_Problem statement_
Produce a word-for-word copy of the listing below without its pictures.

_Data_

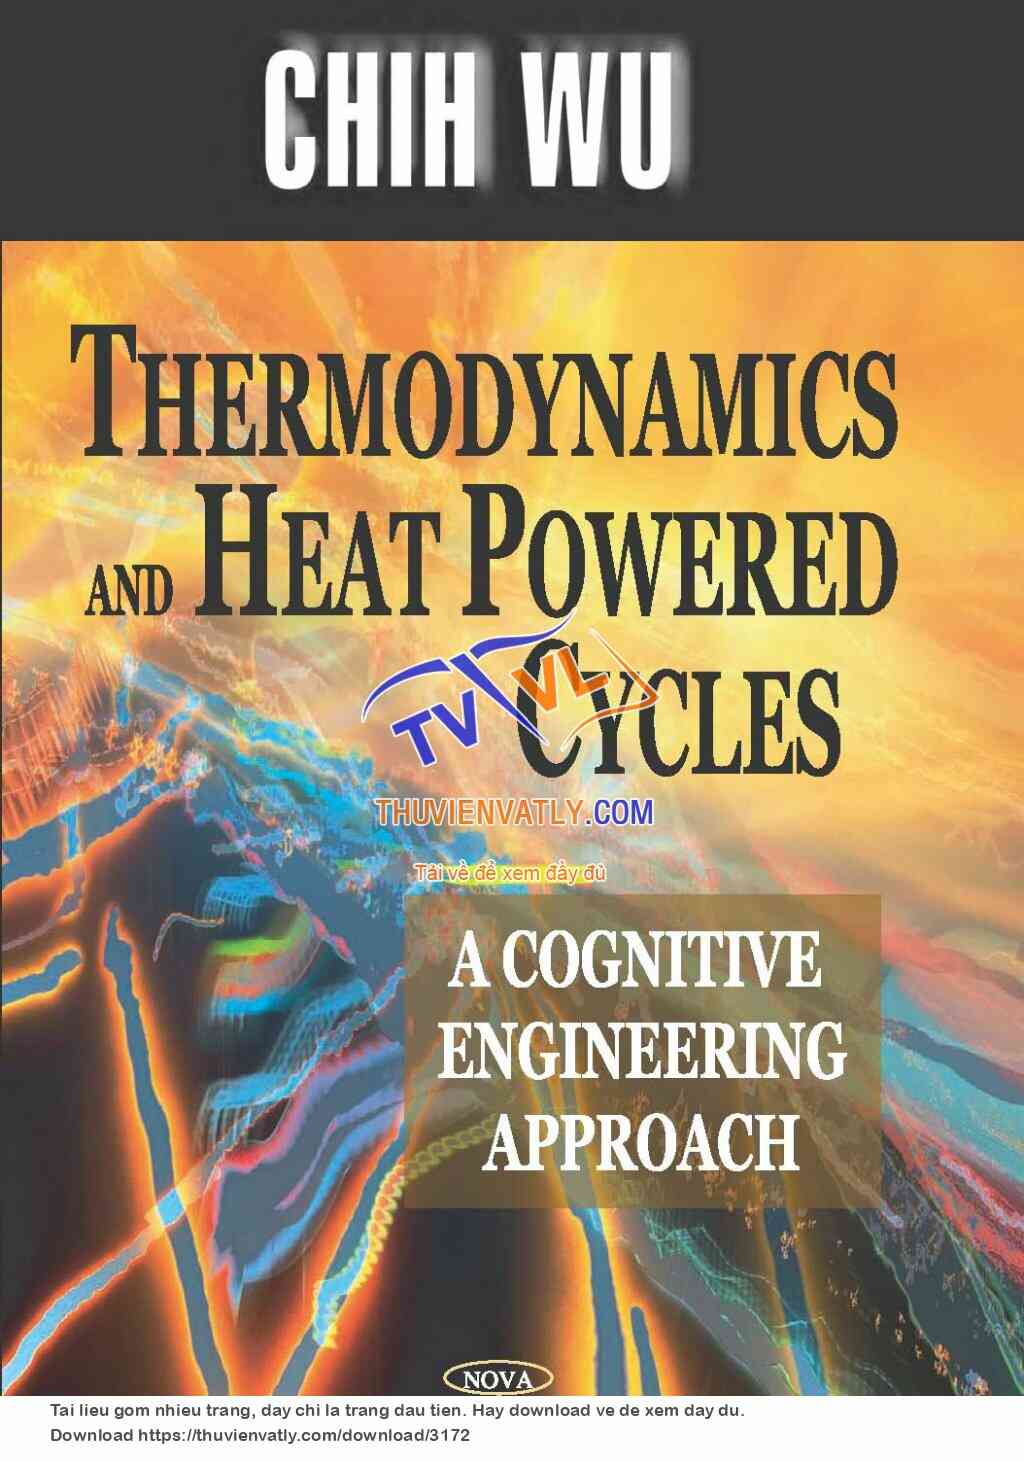 Thermodynamics and Heat Powered Cycles
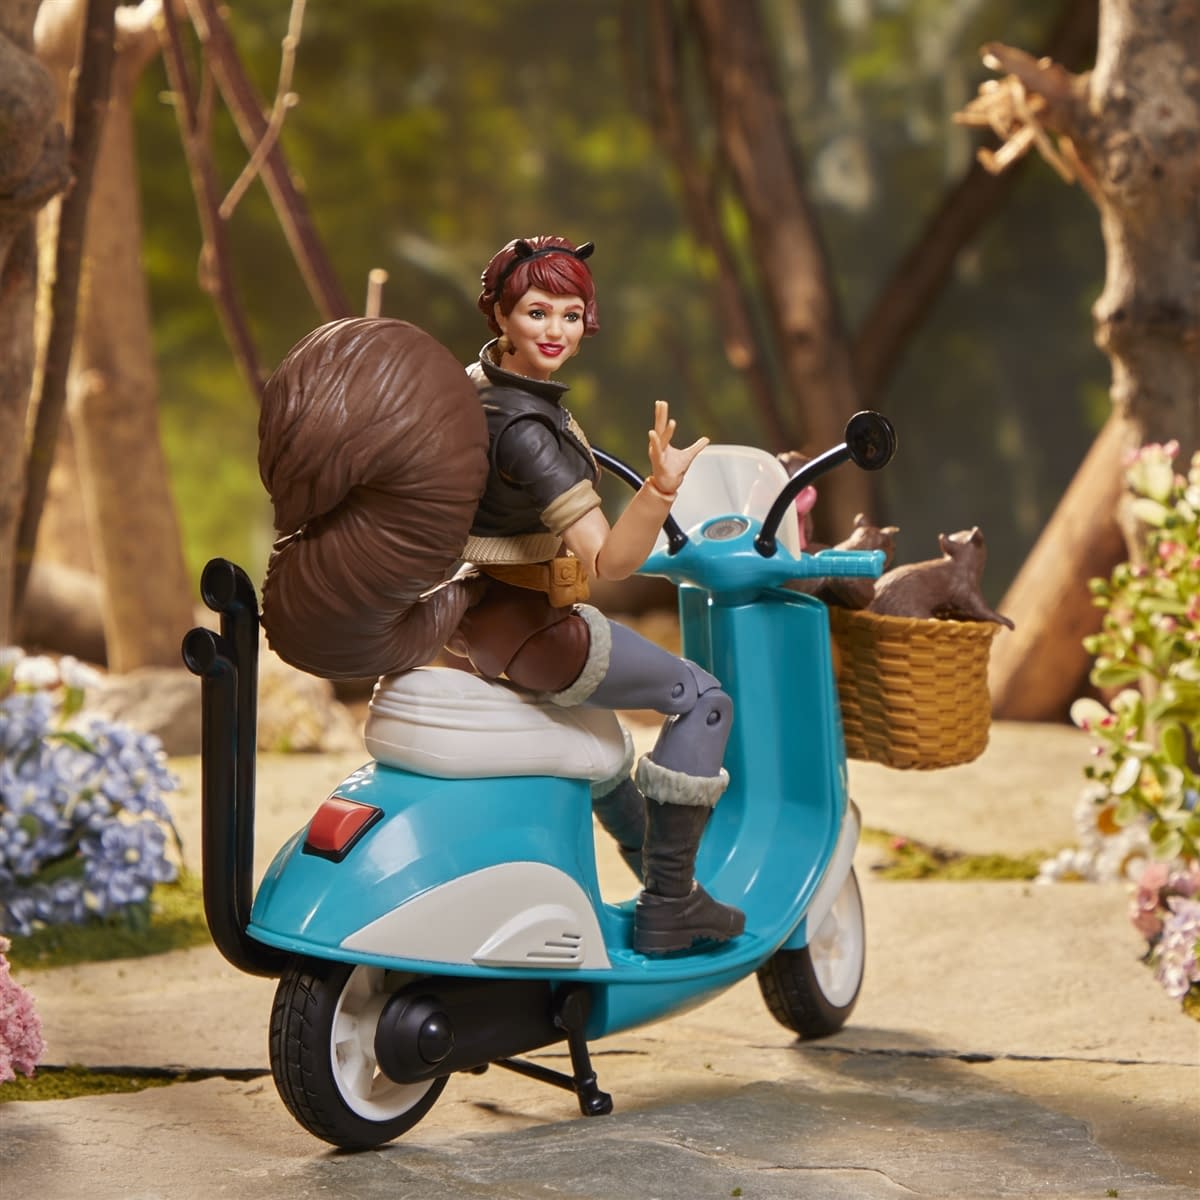 Marvel Legends Cosmic Ghost Rider and Squirrel Girl Available Now 
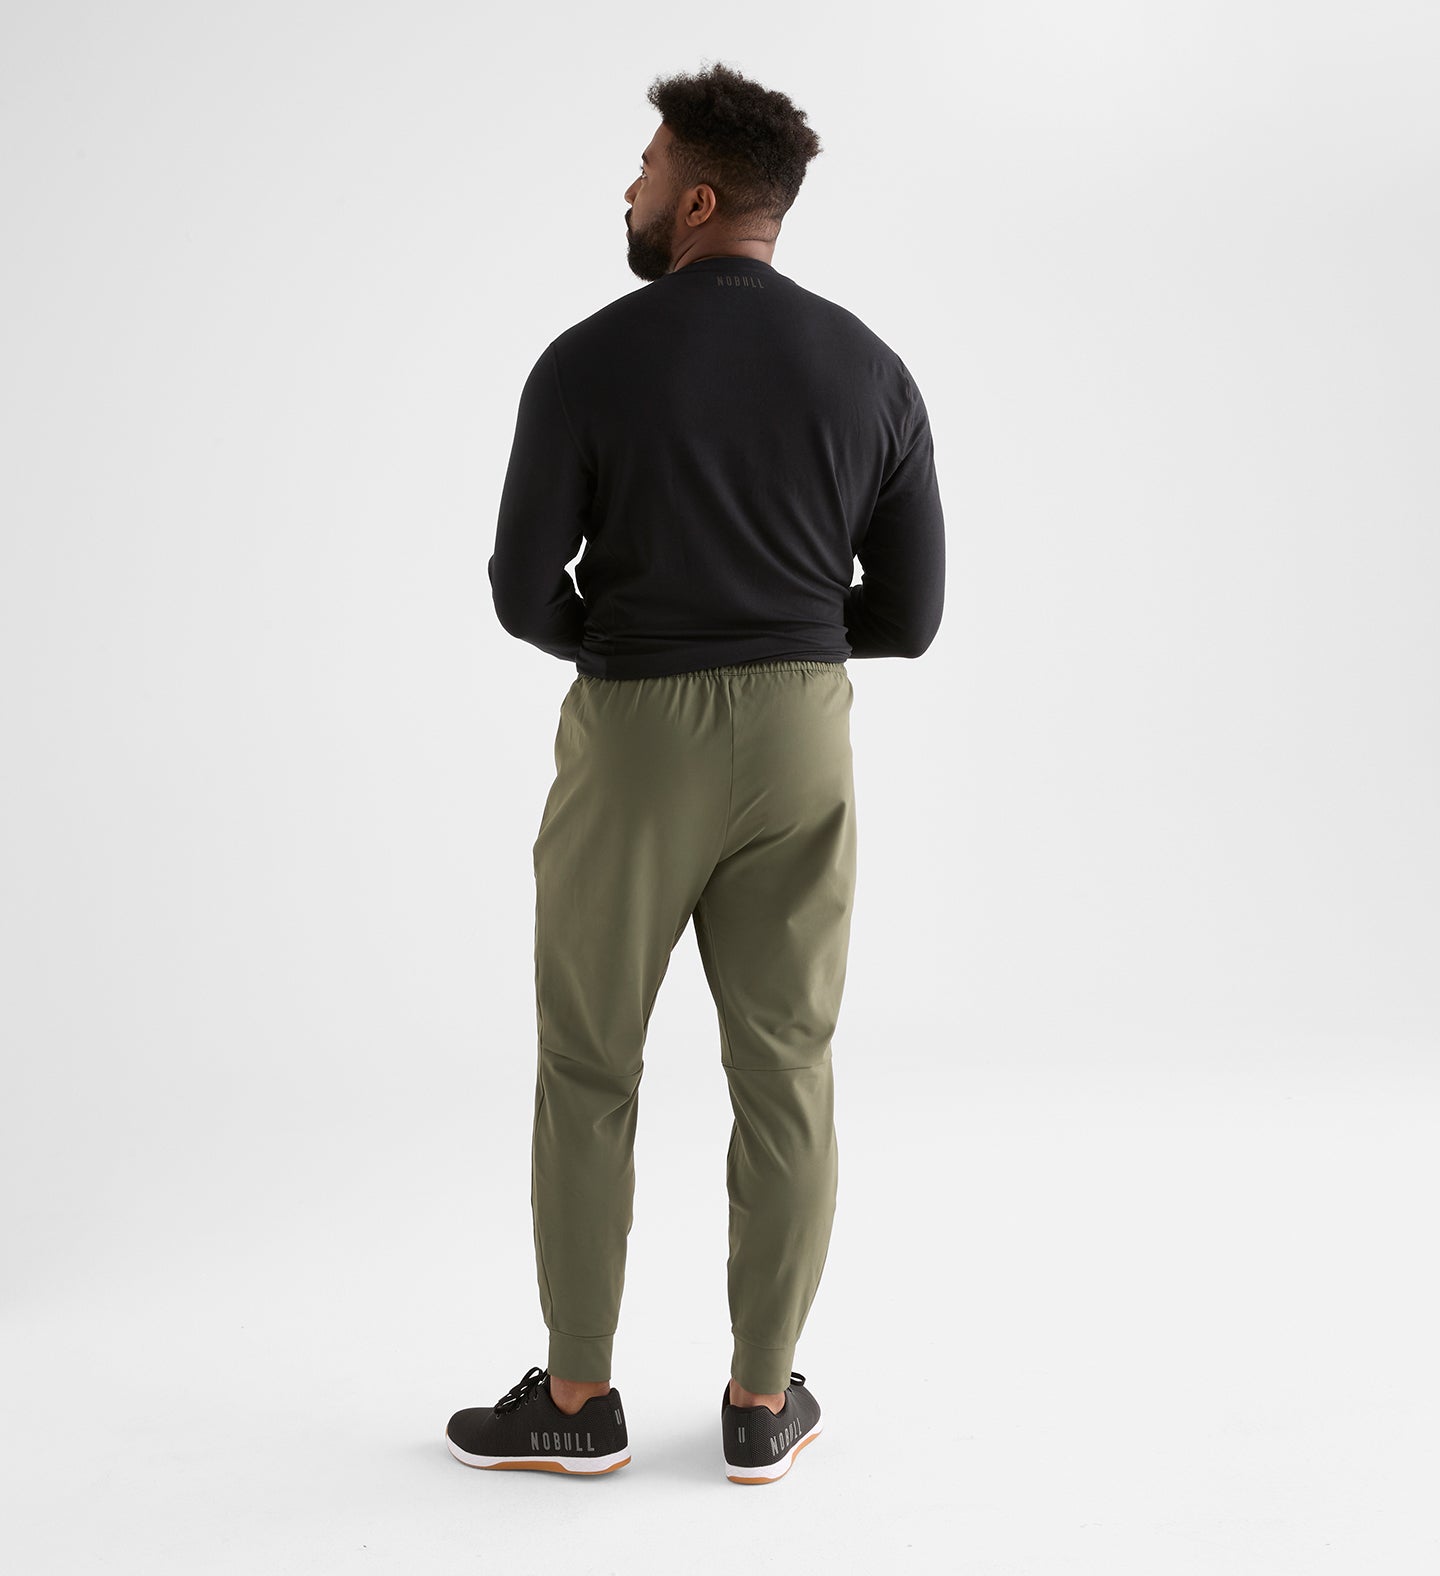 Woven Comfortable And Washable Olive Green Cargo Plain With Pocket Jogger  Pants For Men at Best Price in Akola | Om Textiles Agencies

_Exercise solution_
 Thermodynamics and Heat Powered Cycles
 Marvel Legends Cosmic Ghost Rider and Squirrel Girl Available Now 
 Woven Comfortable And Washable Olive Green Cargo Plain With Pocket Jogger  Pants For Men at Best Price in Akola | Om Textiles Agencies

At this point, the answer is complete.